■ **Problem statement**:
Please, without any pictures, set down exactly the part of the listing below that opens with the line containing "Full 11 - Վեբ հավելվածներ Ruby on Rails-ով" and closes with the line containing "brogues for men".

*** Opening of Data for review ***

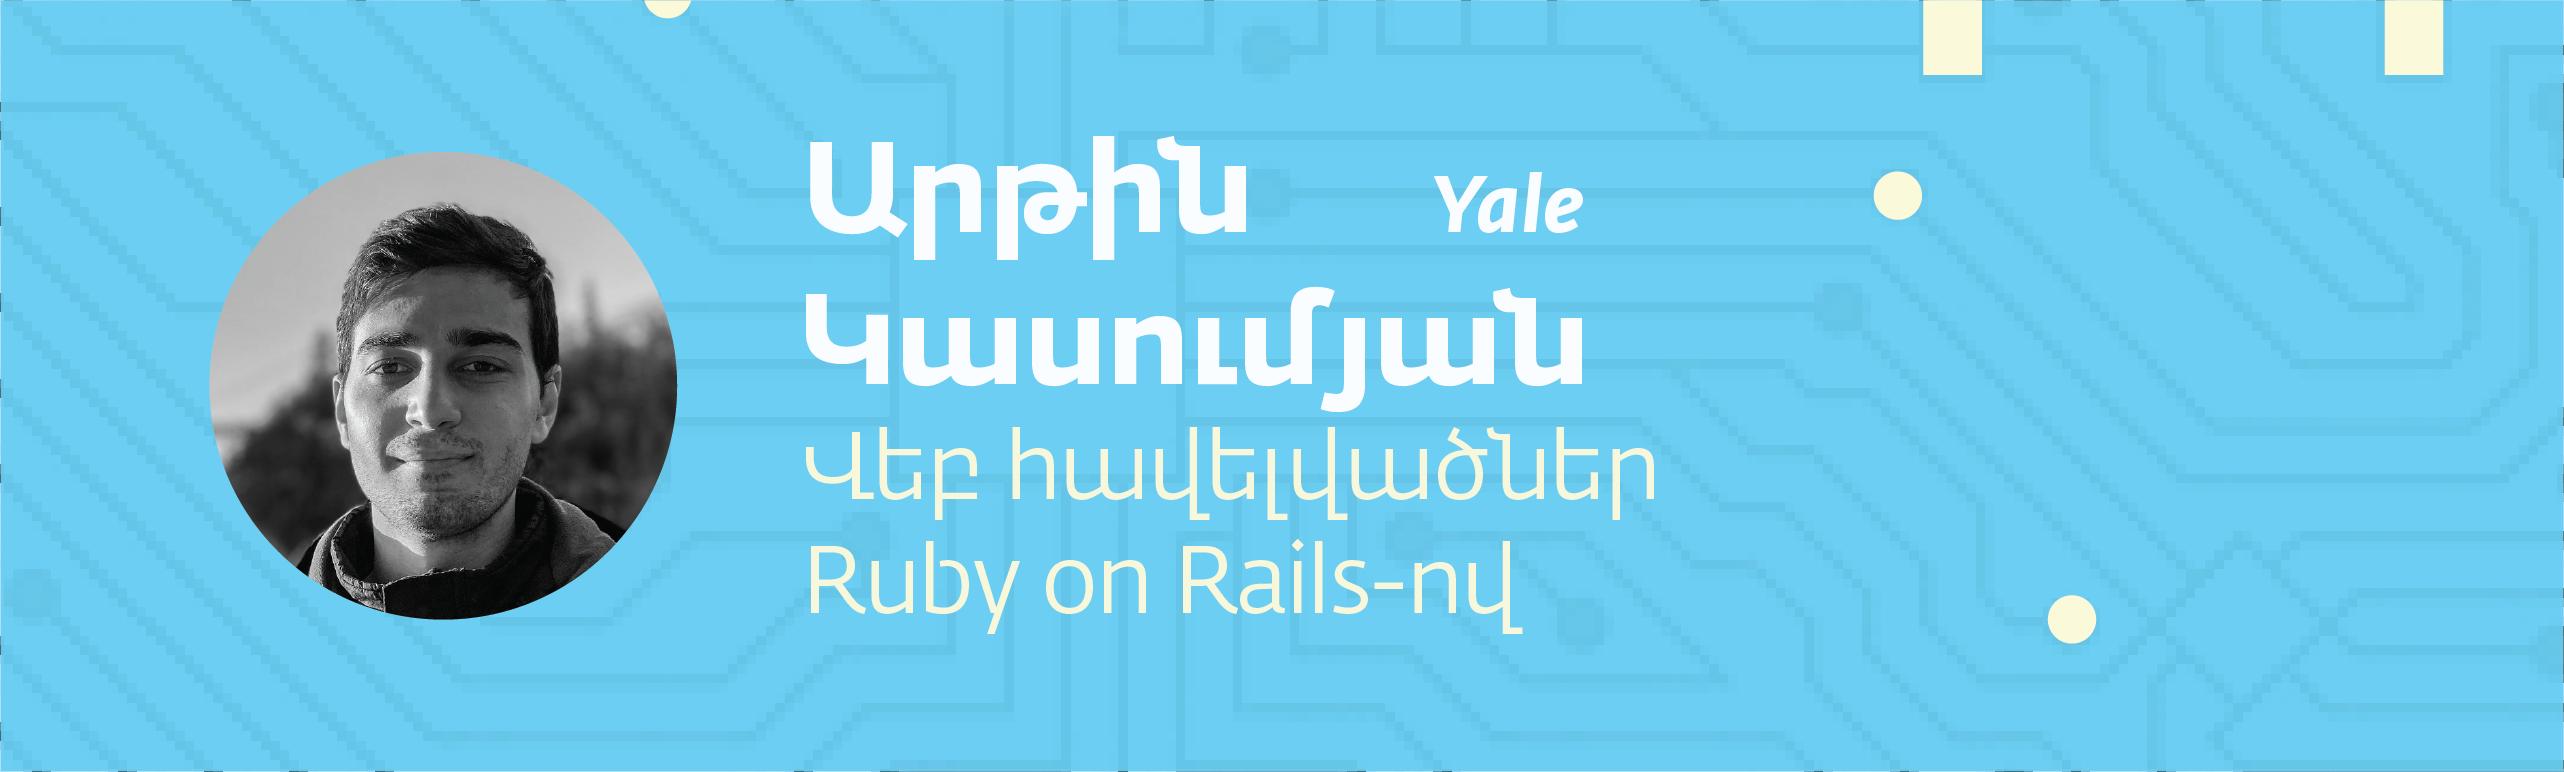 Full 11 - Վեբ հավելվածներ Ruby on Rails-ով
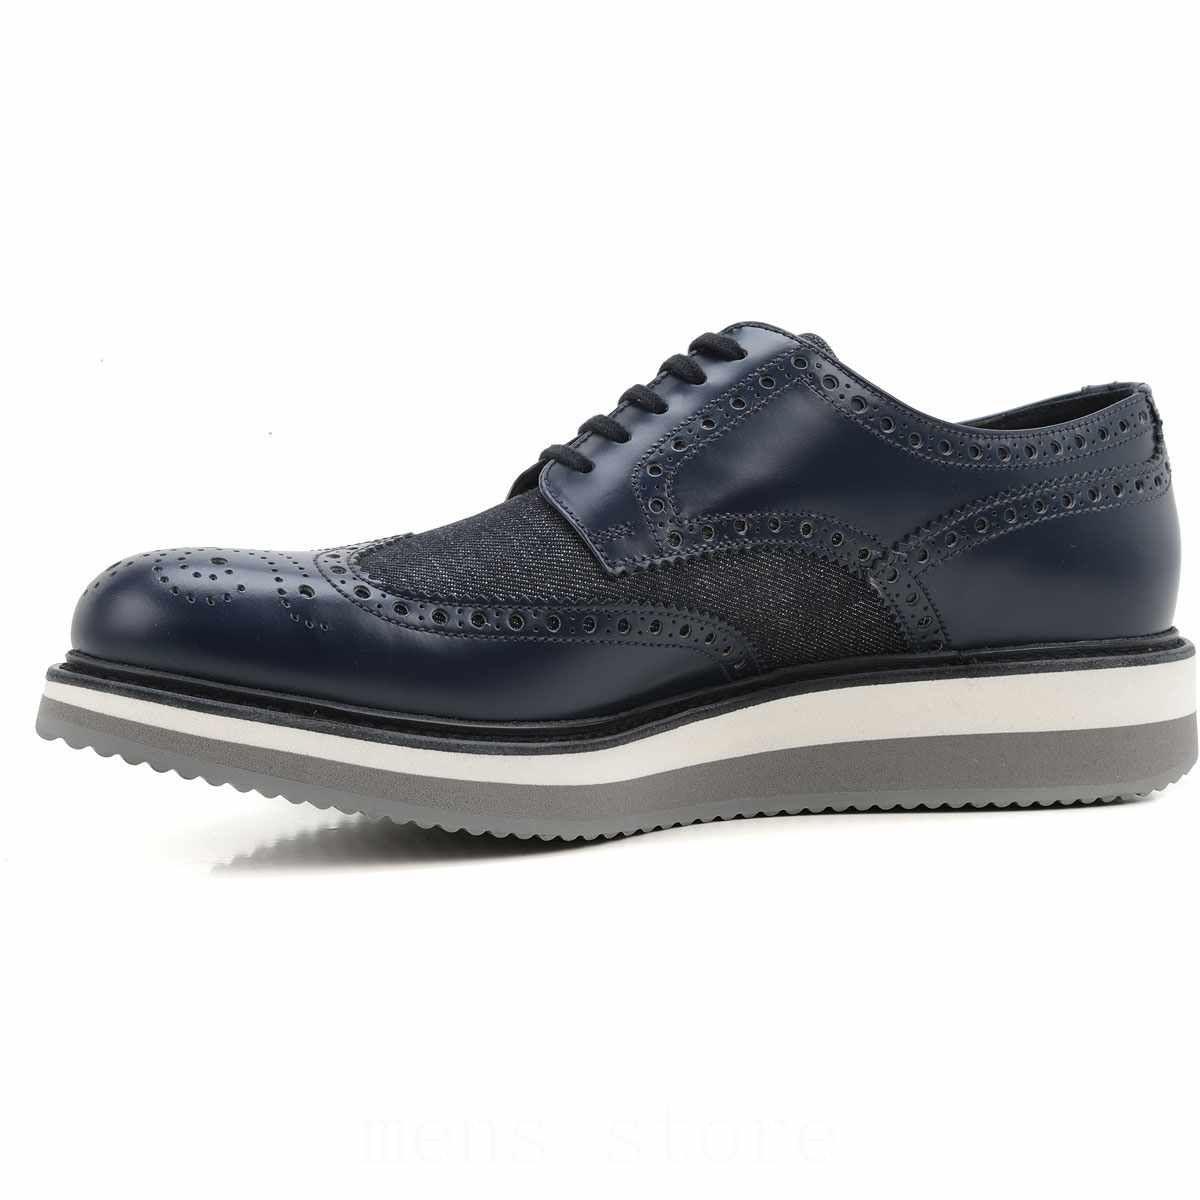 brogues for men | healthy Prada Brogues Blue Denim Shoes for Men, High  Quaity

*** Close of Data for review ***
*** Opening of Data for review ***

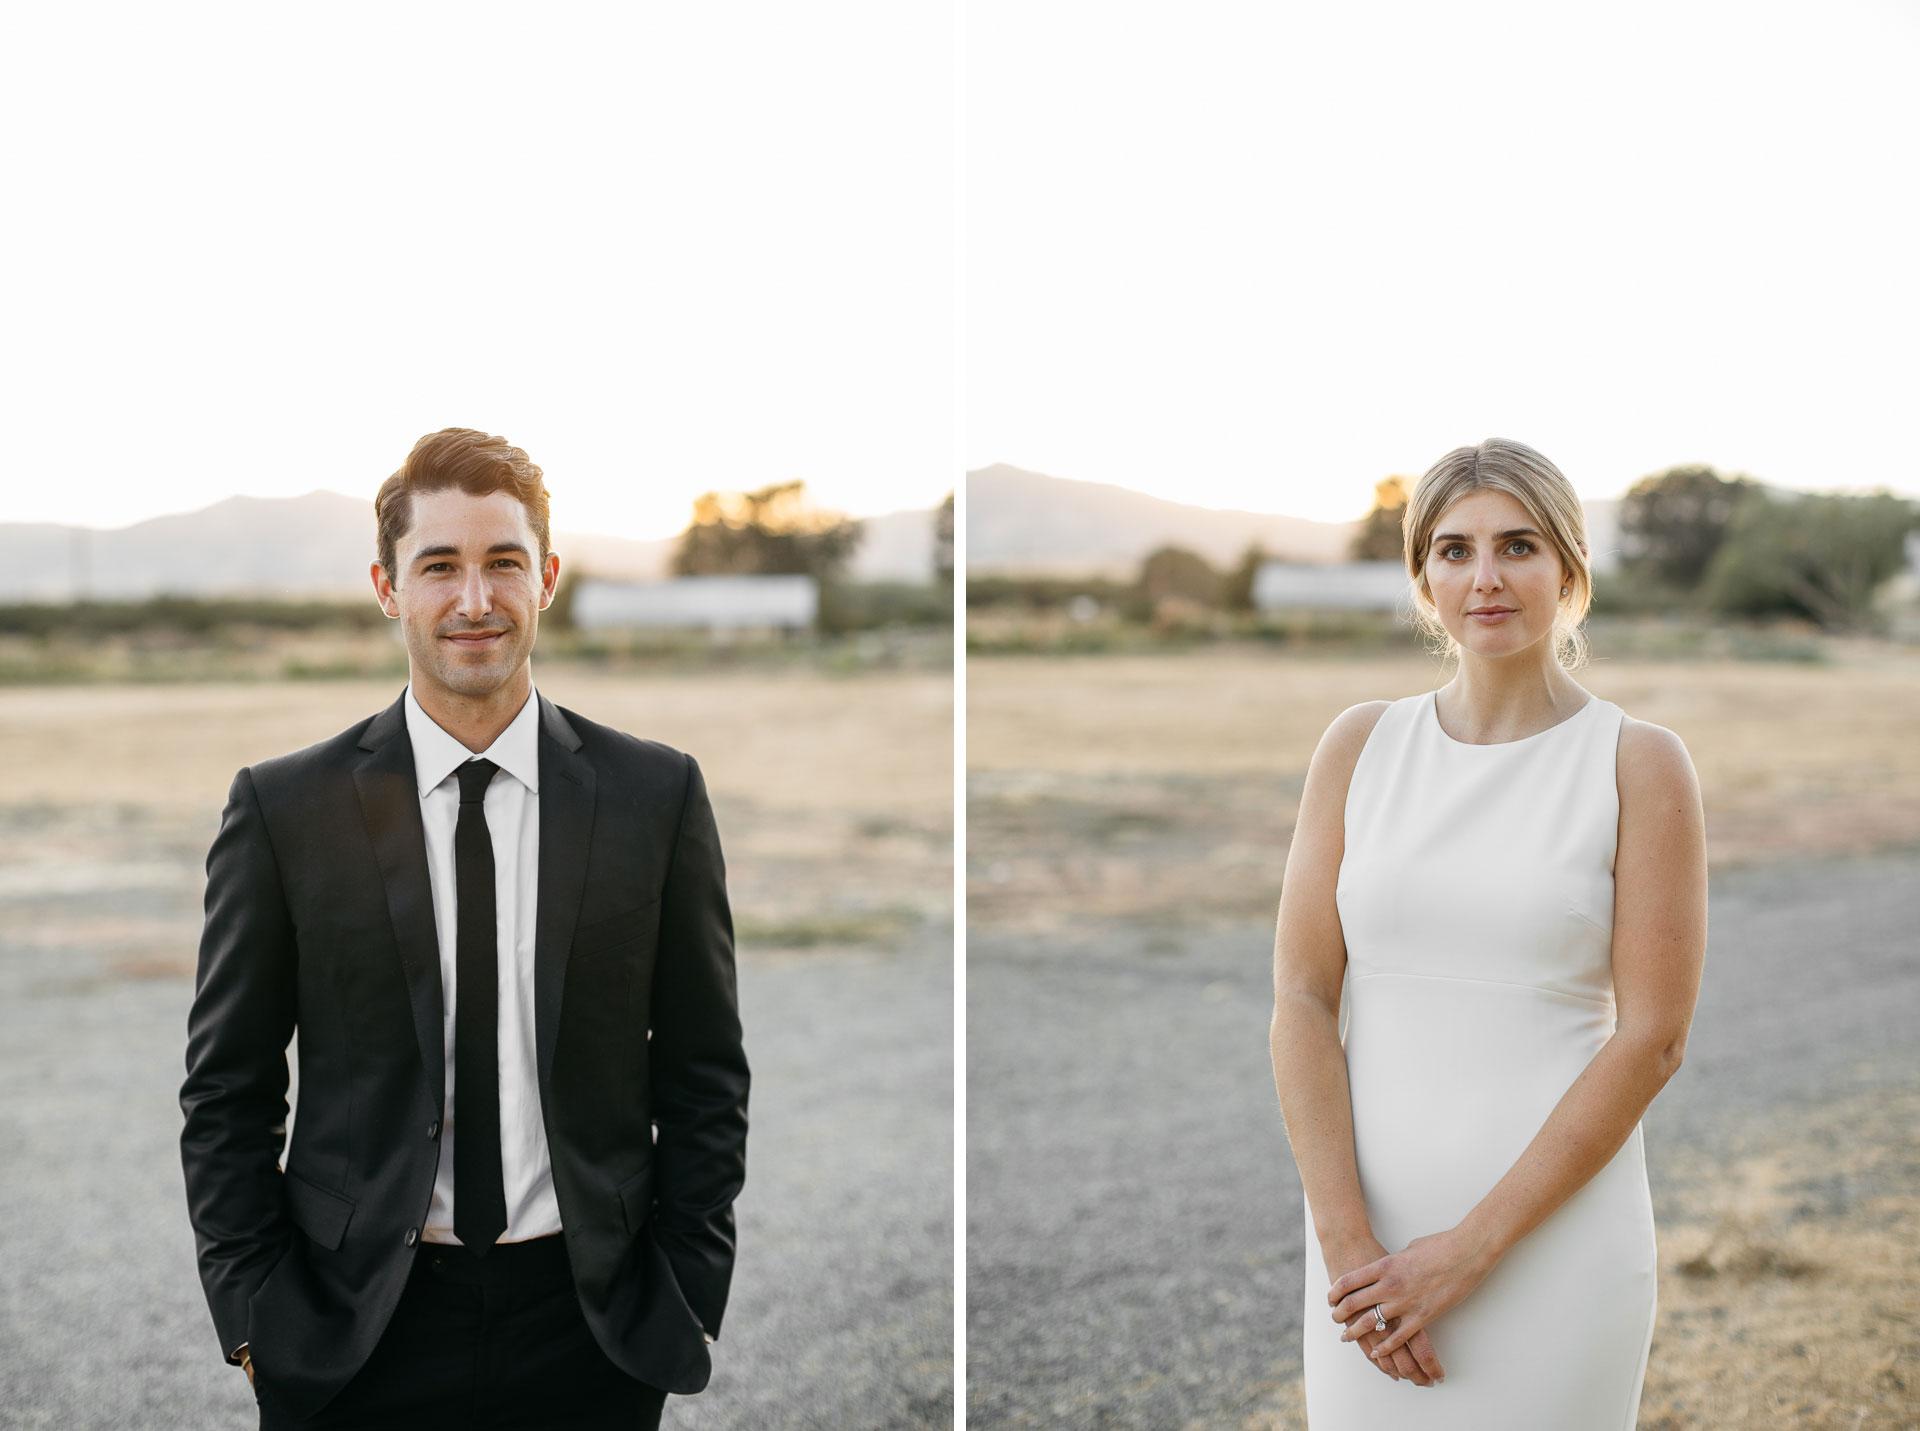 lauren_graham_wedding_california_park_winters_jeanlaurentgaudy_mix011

*** Close of Data for review ***
*** Opening of Data for review ***

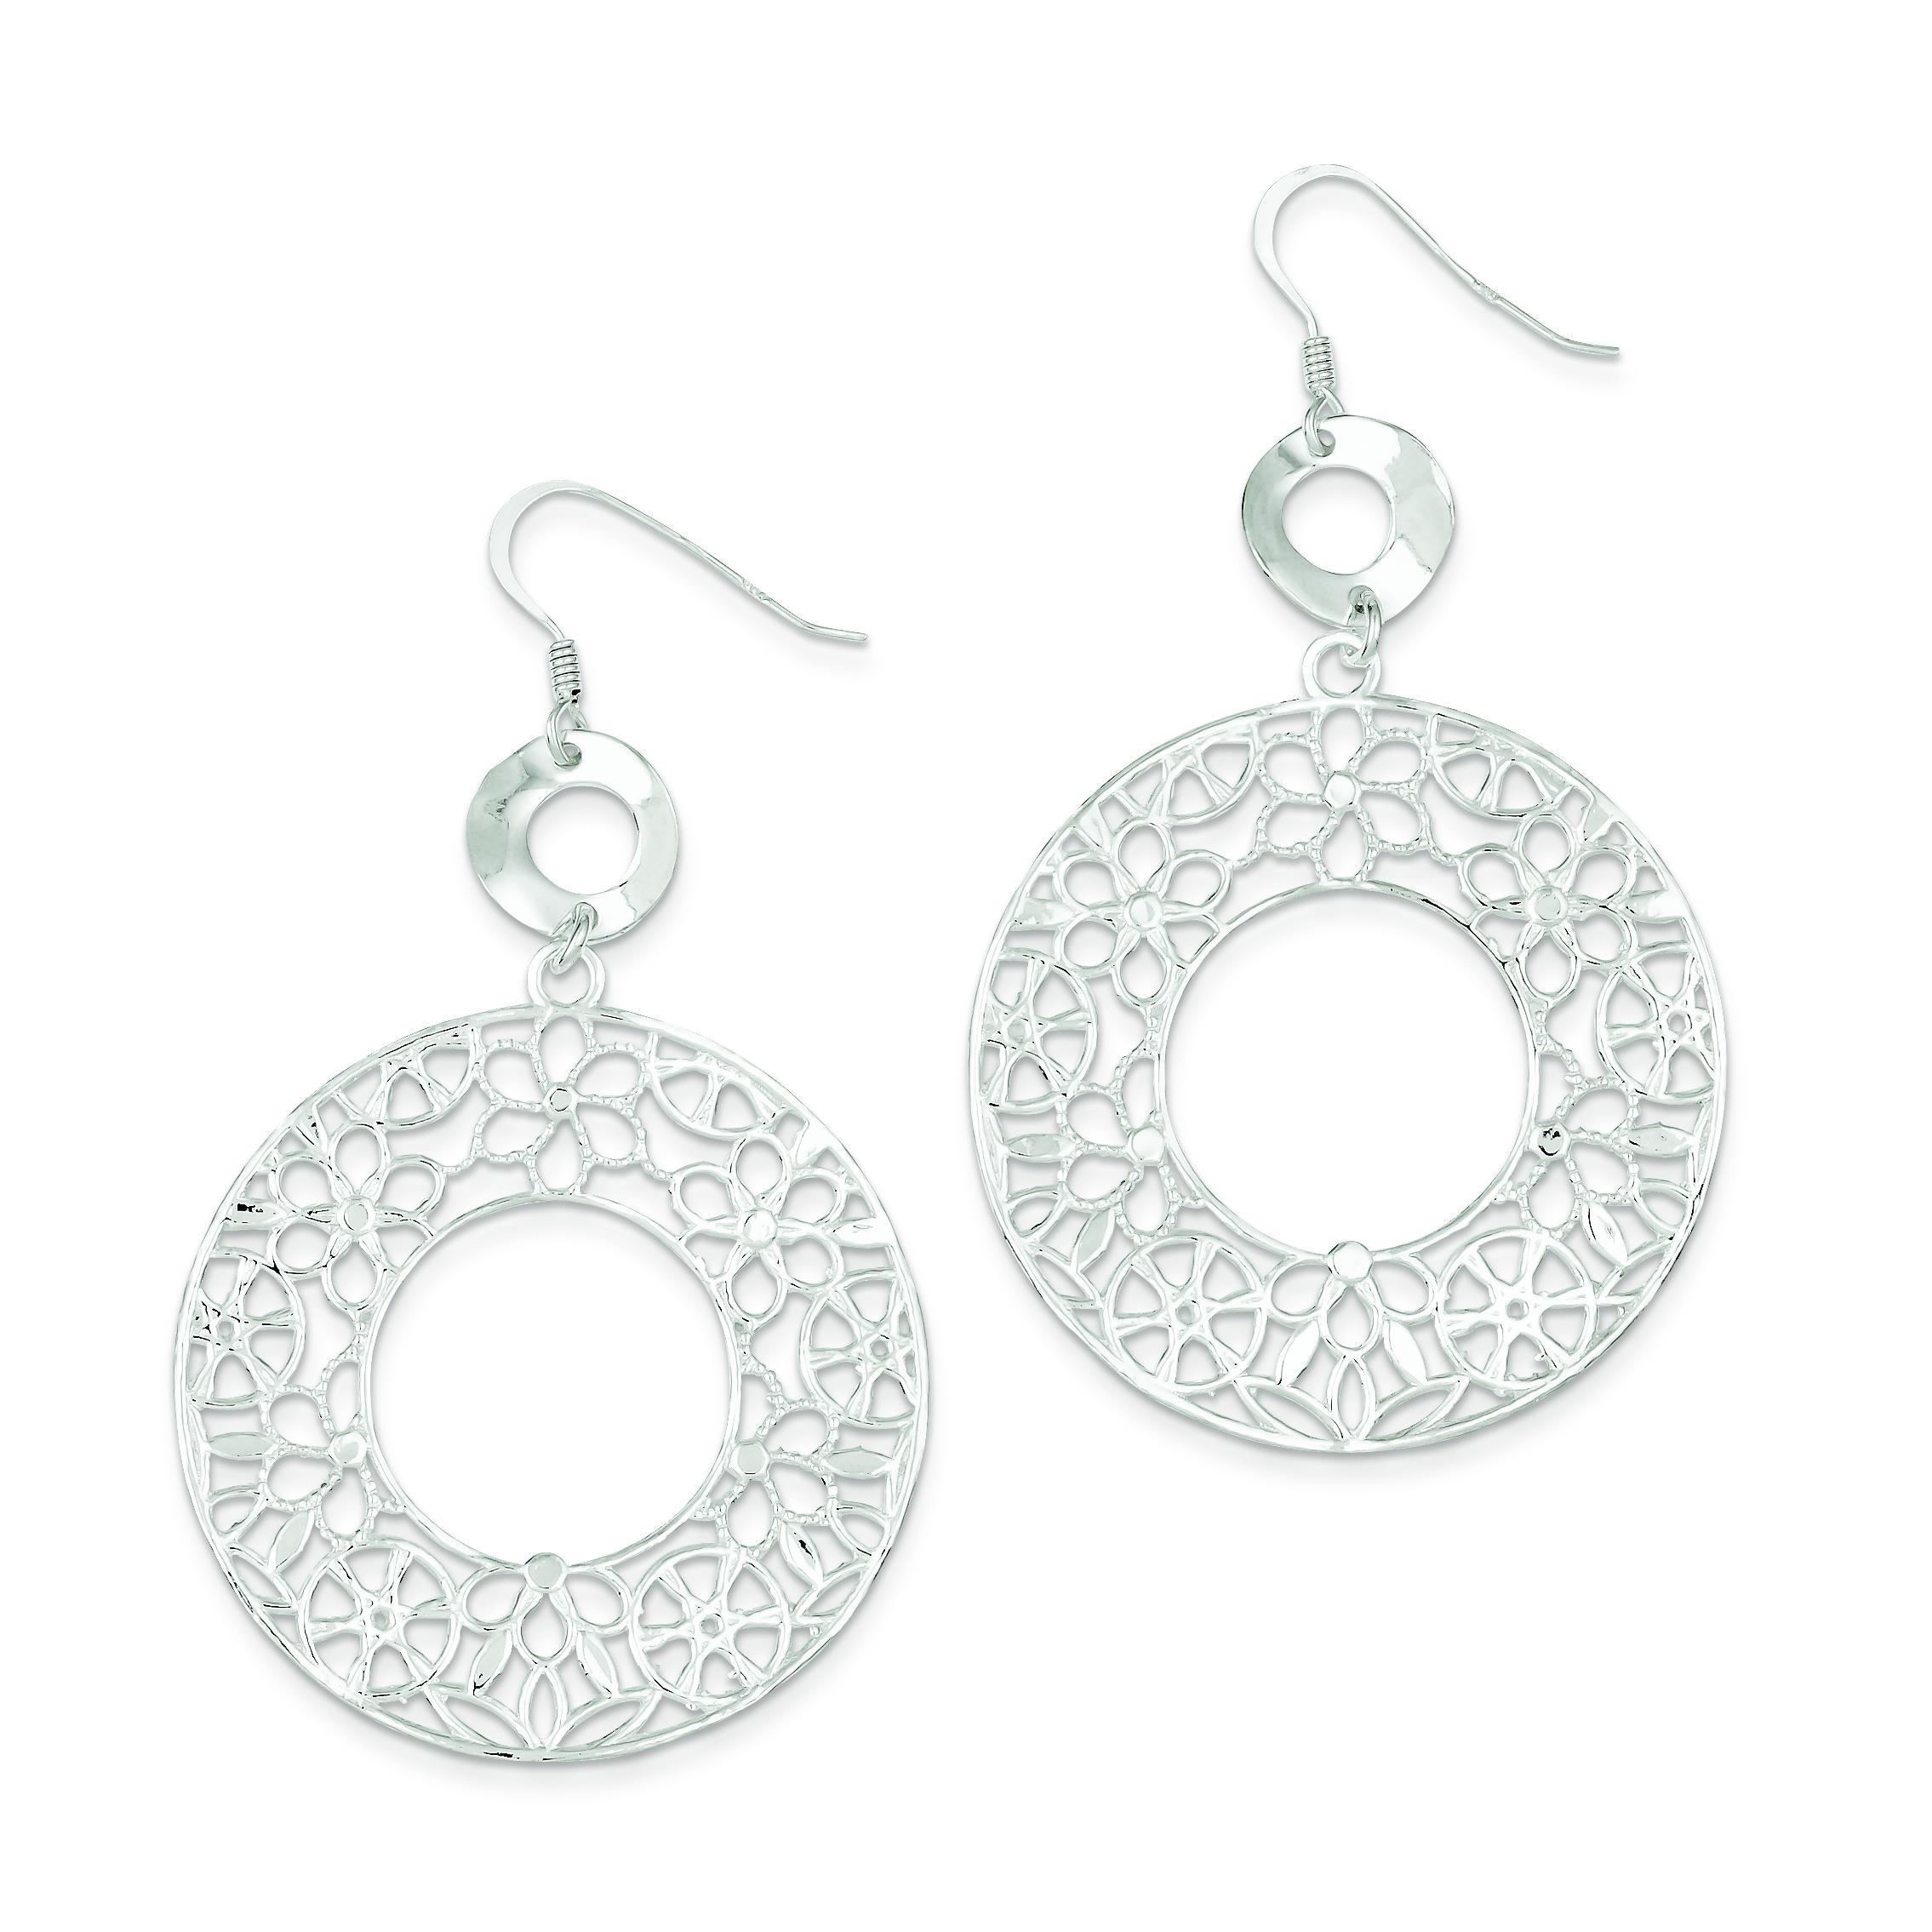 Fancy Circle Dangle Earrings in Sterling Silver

*** Close of Data for review ***

■ **Your solution**:
 Full 11 - Վեբ հավելվածներ Ruby on Rails-ով
 brogues for men | healthy Prada Brogues Blue Denim Shoes for Men, High  Quaity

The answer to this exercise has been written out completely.